Many experts regarded the Law on Doctors of the People's Republic of China as a facilitating factor, but some experts still think there are legal concerns involved in putting the Guidelines into practice. An expert said, “The Physicians’ Law contains 67 items, including four on the use of off-label drugs, which is considerable progress for the management of off-label use of drugs. However, there is no targeted legislation. Clinicians are at higher risk of experiencing adverse side effects from using off-label drugs.” The experts regard the guidelines’ implementation as urgent but not a priority. An interviewer said, “As a result of our current inadequate drug supply and the urgent demand for pediatric medications, experts stressed the urgent necessity to address the issue of off-label prescriptions for children.” However, according to experts, it is not given the highest priority for implementation, primarily due to the busy and complex clinical work and the concern about off-label use of drugs making up a tiny portion of daily work. Additionally, managing children’s off-label drug use is also not a standard component of hospital assessments, and medical staff typically puts the hospital’s assessment requirement first.
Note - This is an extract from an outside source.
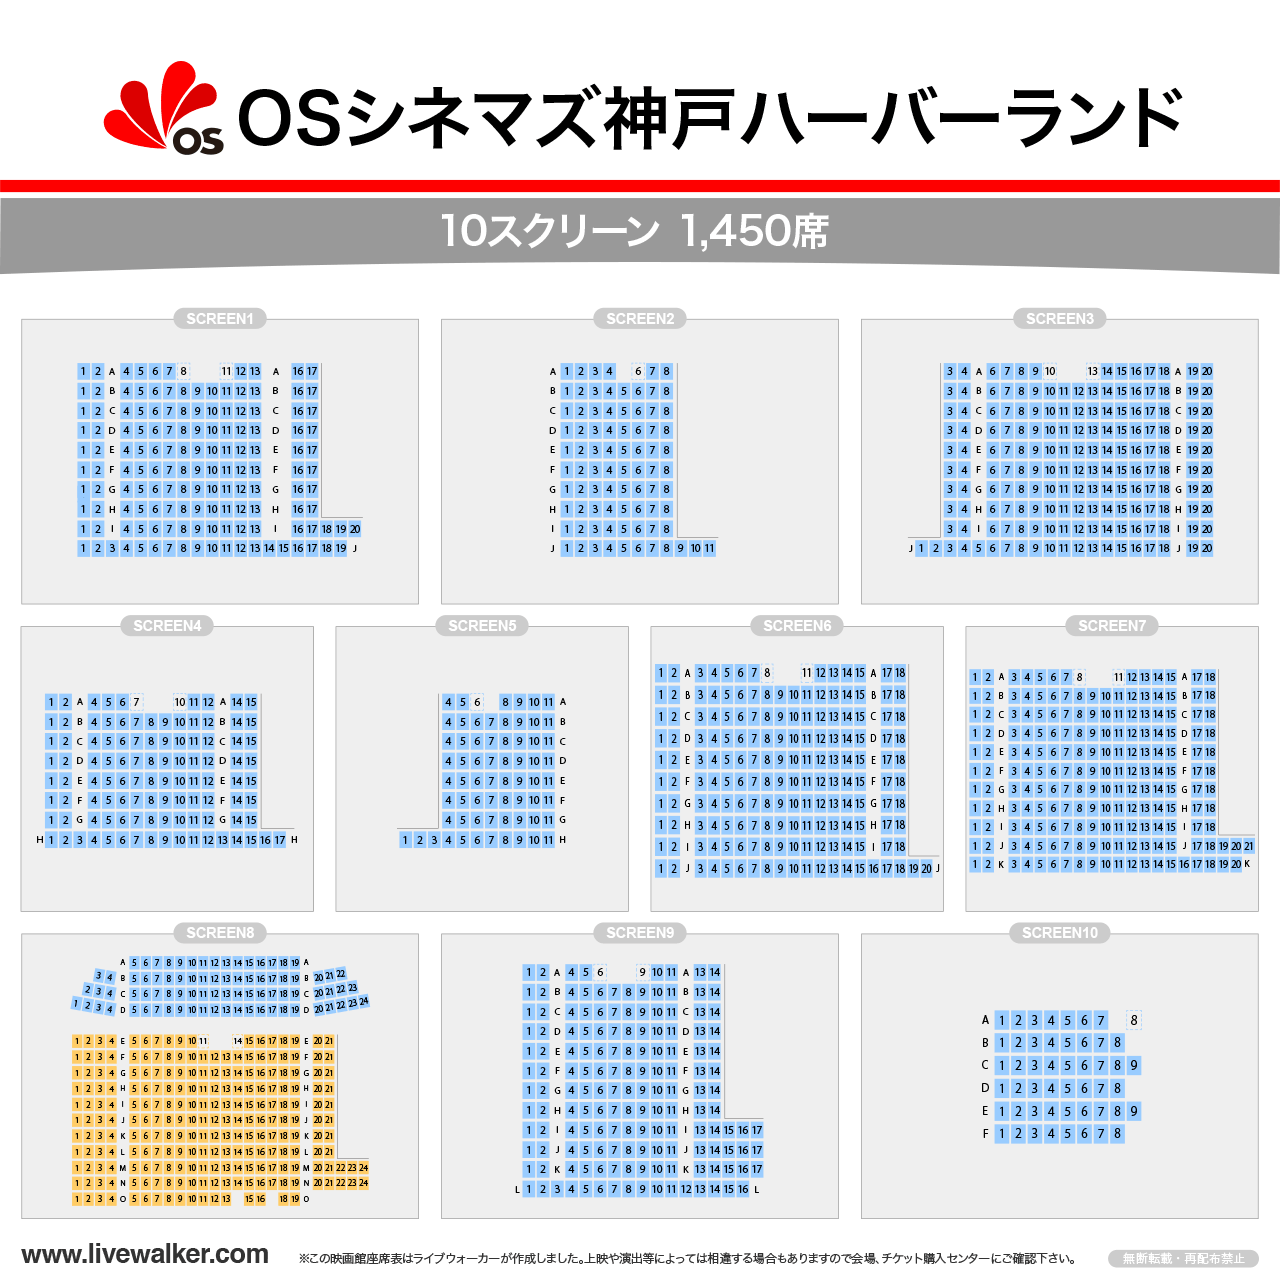 OSシネマズ 神戸ハーバーランドスクリーンの座席表

According to our knowledge, this is the first study conducted by Chinese guideline developers to tailor the implementation strategy of the guidelines. Key stakeholders in the implementation of the Guideline for the management of pediatric off-label use of drugs in China (2021) were interviewed to identify 57 influencing factors, including 27 facilitators, 29 barriers, and one neutral factor, based on the implementation science CFIR framework and using one-on-one expert in-depth interviews. Based on mapping the critical barriers to the CFIR-ERIC [ 26 , 32 ], recommendations for implementation strategies were made, such as tailoring strategies, encouraging adaptability, inquiring of national health administrations to promote recommendations, and establishing networks for communication between clinicians and pharmacists. The study revealed the complexity of the factors influencing managing children’s off-label medication use. We will update the Guideline to address the lack of patient awareness, and a lack of policy incentives (non-reimbursement by health insurance and a lack of administrative or policy promotion) were the key obstacles in external settings. The communication barriers between pharmacists and physicians were found to be the most critical internal barriers. Regarding individual characteristics, the main barriers were pharmacists’ varying technical competence and physicians’ empiricism with medication use. Additionally, this study discovered that even though the PRC Physicians Law’s enforcement helped implement and promote the Guideline, it still needs to relieve the issue of legal dangers for medical staff completely. The difference in the barriers to implementing the Guideline for different roles of medical staff is the communication barrier between pharmacists and physicians.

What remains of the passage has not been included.